第3話「王女の誘い、迫り来る影」
夜明けの光は王都の尖塔を淡く照らし、昨日まで荒野に取り残されていた俺には夢のような景色に思えた。追放の屈辱を味わったはずが、いまは女神と副団長に導かれ、この王都にいる。あまりの変化に、現実感が追いつかない。
石畳の道を進みながら、レイナは横目で俺を見た。
「顔が強張っているな。緊張するのも無理はない。……すぐに王女殿下に会うのだから」
胸が跳ねた。追放された俺が、王女に謁見するなど想像したこともなかった。
王城の謁見の間は広大で、天井は夜空のように高く、壁に掲げられた絵画や彫刻が豪奢さを誇示している。緋色の絨毯の先に立つのは、燃えるような赤髪を三つ編みにした王女セレスティア。その深紅の瞳は、炎と氷の両方を湛えていた。
「リオン。あなたが神に選ばれた者だと聞いた」
王女の声は透き通っていながら鋼のように硬い。廷臣たちがざわめき、俺に刺すような視線を向ける。
「……俺は、ただ追放されて……」
「だからこそだ」王女は歩み寄り、距離を詰める。「絶望の底にいたあなたを神は選んだ。これは偶然ではない。――王都の守りに加わってほしい」
重い言葉に、喉が詰まる。俺の返答を待たずに、女神ルミナが光とともに現れた。
『わたしも望む。彼をここに置くことは理に適っている』
廷臣たちは一斉に息を呑み、誰も反論できなかった。
謁見の後、セレスティアは俺だけを呼び止めた。
「勇者カイルたちは、間もなく王都に戻る。
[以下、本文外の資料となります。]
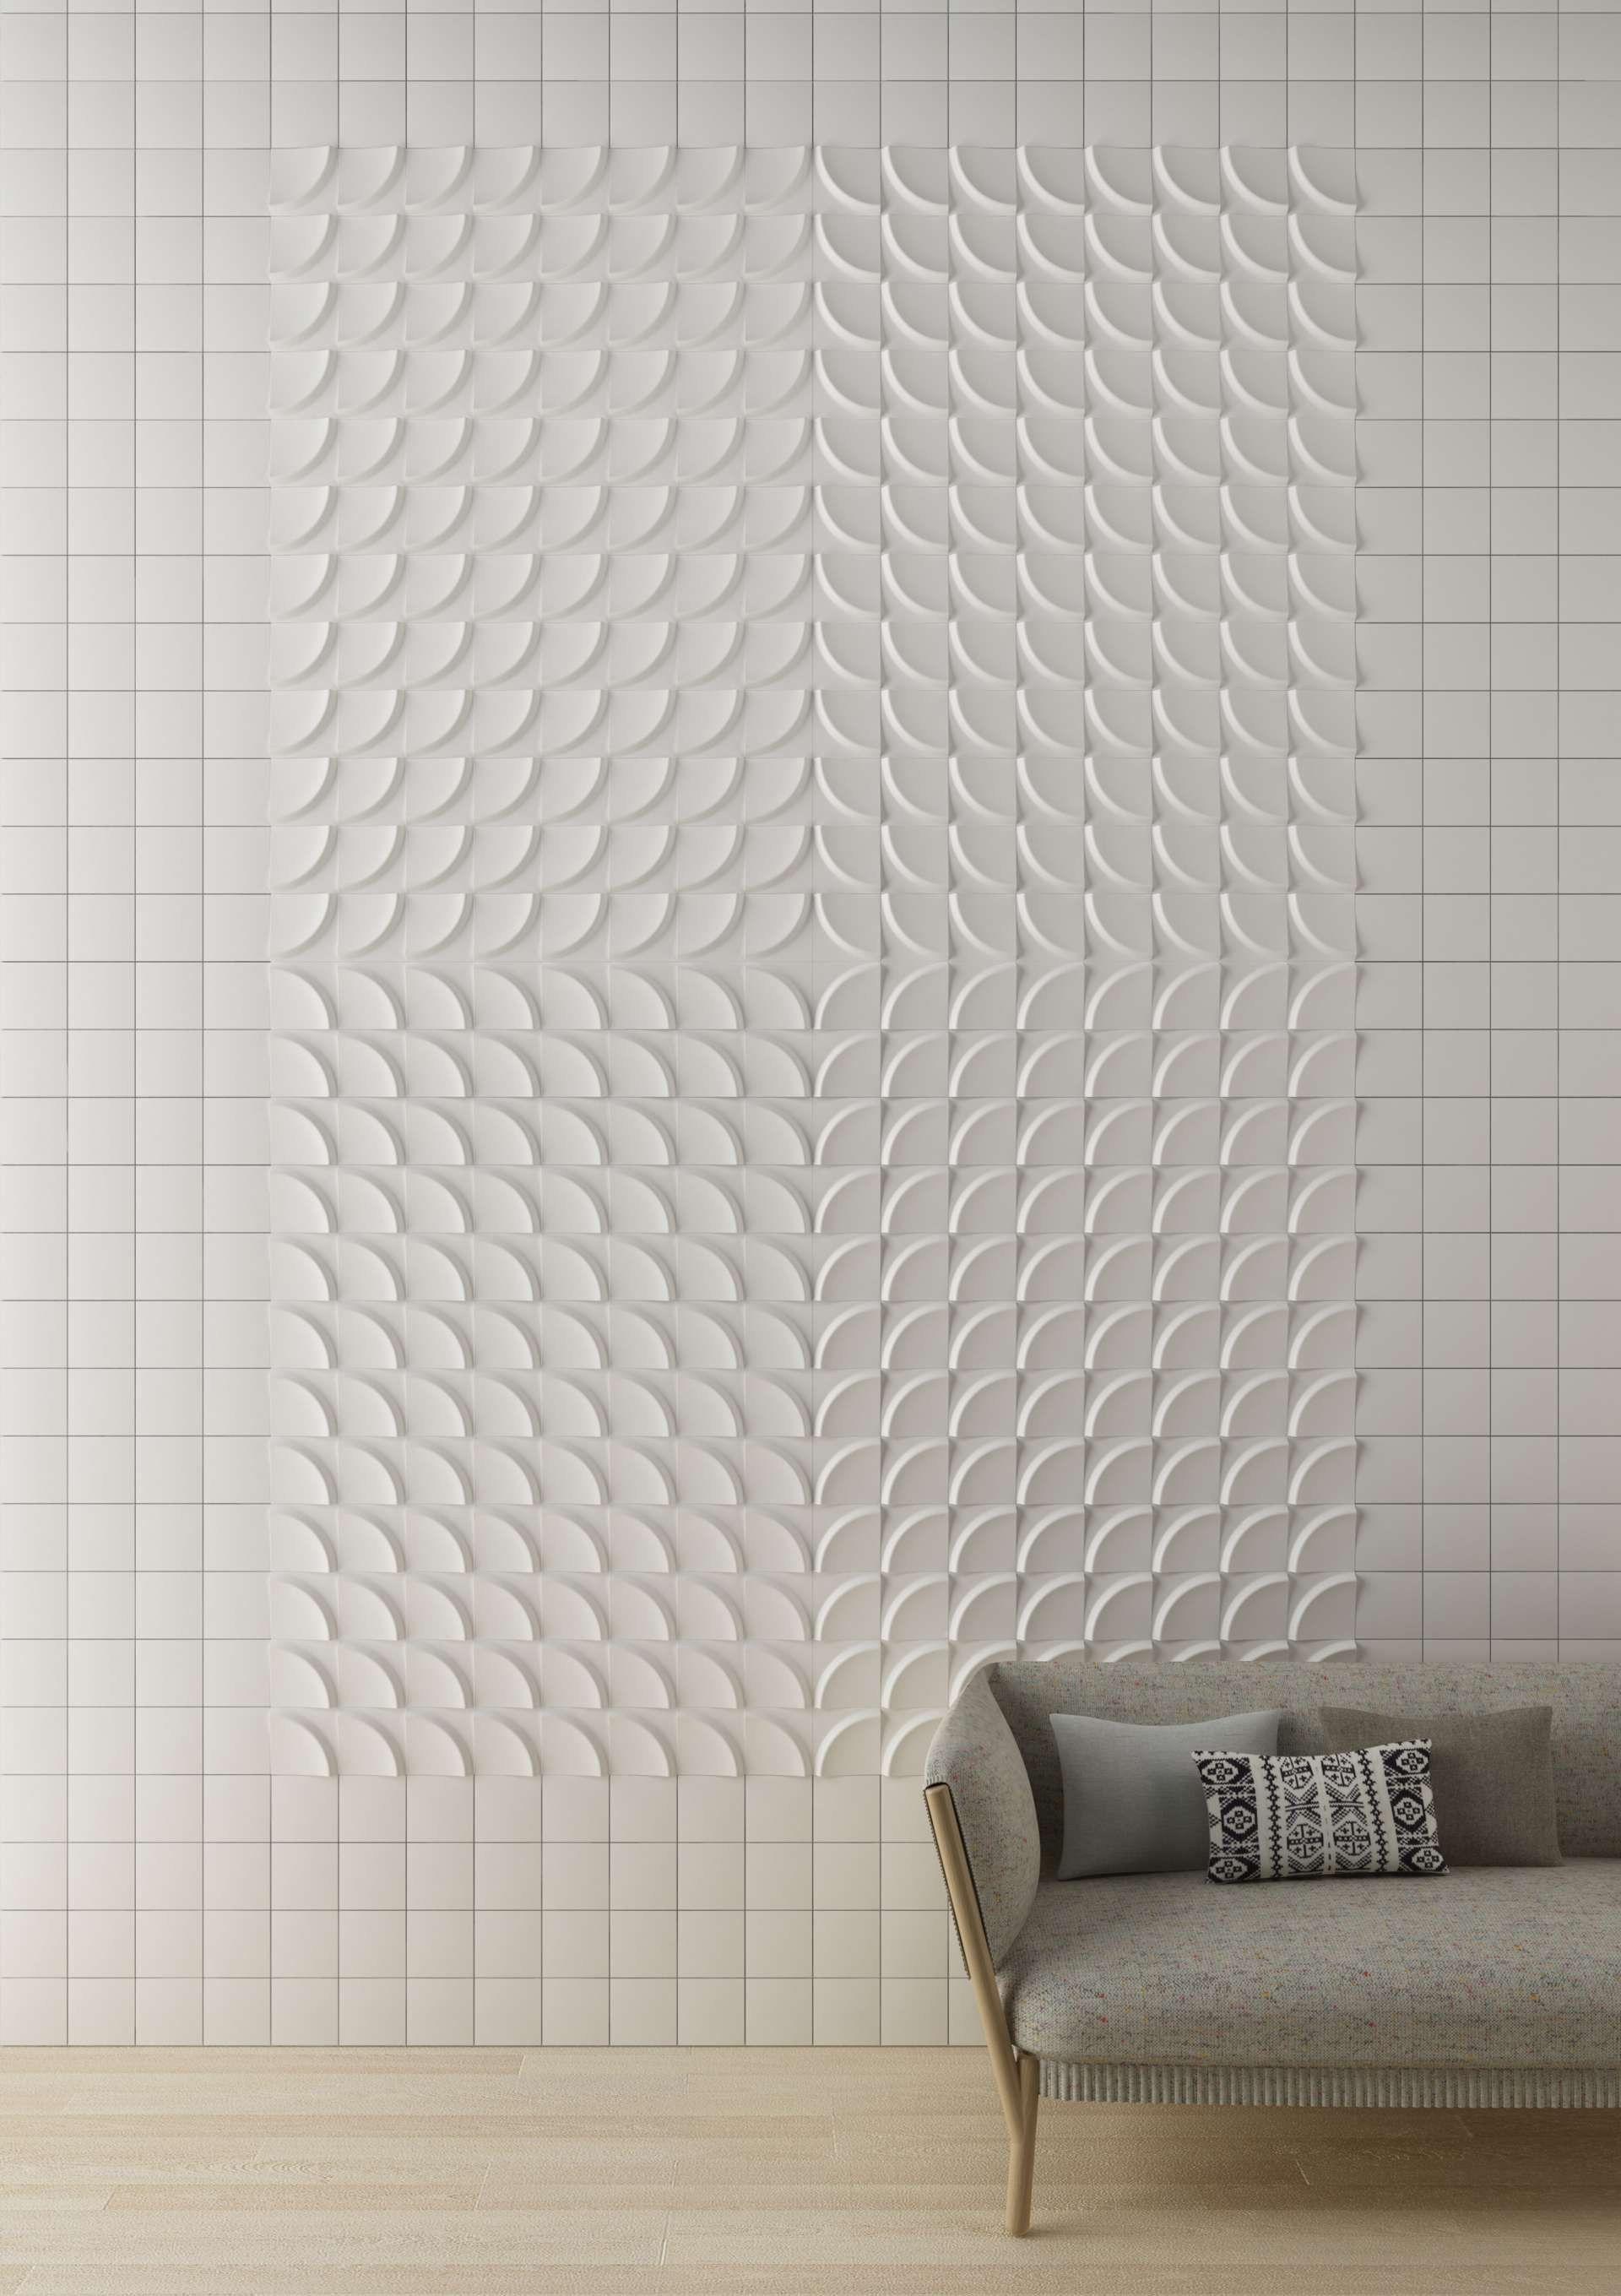 Ceramic Wall Tiles Bowl Harmony Peronda Group With Images Wall Tiles Design Wall Tiles 3d Wall Tiles

だが彼らは魔王軍に押されて劣勢だ。あなたを追放したことを、きっと後悔するだろう」
その言葉は冷ややかでありながら、どこか愉悦が混じっているようにも聞こえた。
「あなたは選べる。彼らを見捨て、復讐を果たすか……あるいは救いの手を差し伸べるか」
王女の瞳が俺を試すように揺らめく。胸の刻印が脈打ち、呼吸を整えるたびに問いが重くのしかかる。
一方その頃、荒野の野営地では――。
勇者カイルたちは魔物の群れに追い詰められていた。
「なんでこんなに数が……!」
カイルの剣が閃くが、傷は浅い。僧侶エリナの回復は追いつかず、魔法使いジードの火球は軌道を外れていく。盗賊ミナは矢を放つ手を震わせ、絶望の色を隠せない。
彼らは知らなかった。神の理がリオンを選んだ瞬間、均衡が崩れ、魔王軍が力を増していることを。
王都に戻った俺は、レイナと訓練場に立っていた。
「まずは剣を握れ」
差し出された剣は以前と同じ重さのはずなのに、不思議と手に馴染む。胸の印が脈打ち、刃の重さを整えているかのようだ。
構えた瞬間、風の流れが見えた。相手の呼吸、足の重心、剣筋の揺らぎ――すべてが糸となって繋がり、俺の視界に映る。
一歩踏み込み、レイナの木剣を弾いた。副団長の瞳が驚きに揺れる。
「すごい……昨日とは別人のようだ」
その言葉は、胸の奥に温かく沈んだ。
だが訓練を終える間もなく、警鐘が鳴り響いた。
「北門に魔物の群れ!」
兵士たちが駆け抜け、城壁の上に炎のような光が揺らめく。
「リオン、来い!」
レイナが剣を抜き、俺は頷いた。
城門前は混沌としていた。黒い瘴気を纏った獣の群れが押し寄せ、兵士たちは必死に応戦している。
胸の刻印が熱を放つ。深呼吸し、囁いた。
「――整え」
風が渦を巻き、魔物の動きが鈍る。兵士たちが一斉に反撃し、戦況が逆転していく。
ルミナの声が胸に響いた。
『よくやった。だが、これは序章にすぎぬ。真の試練は勇者との再会にある』
その言葉の直後、遠くの荒野で赤い炎が立ち昇った。
勇者パーティの野営地の方向だ。
胸の刻印が熱く脈打ち、未来を告げる。
俺と彼らの運命が、再び交わろうとしていた。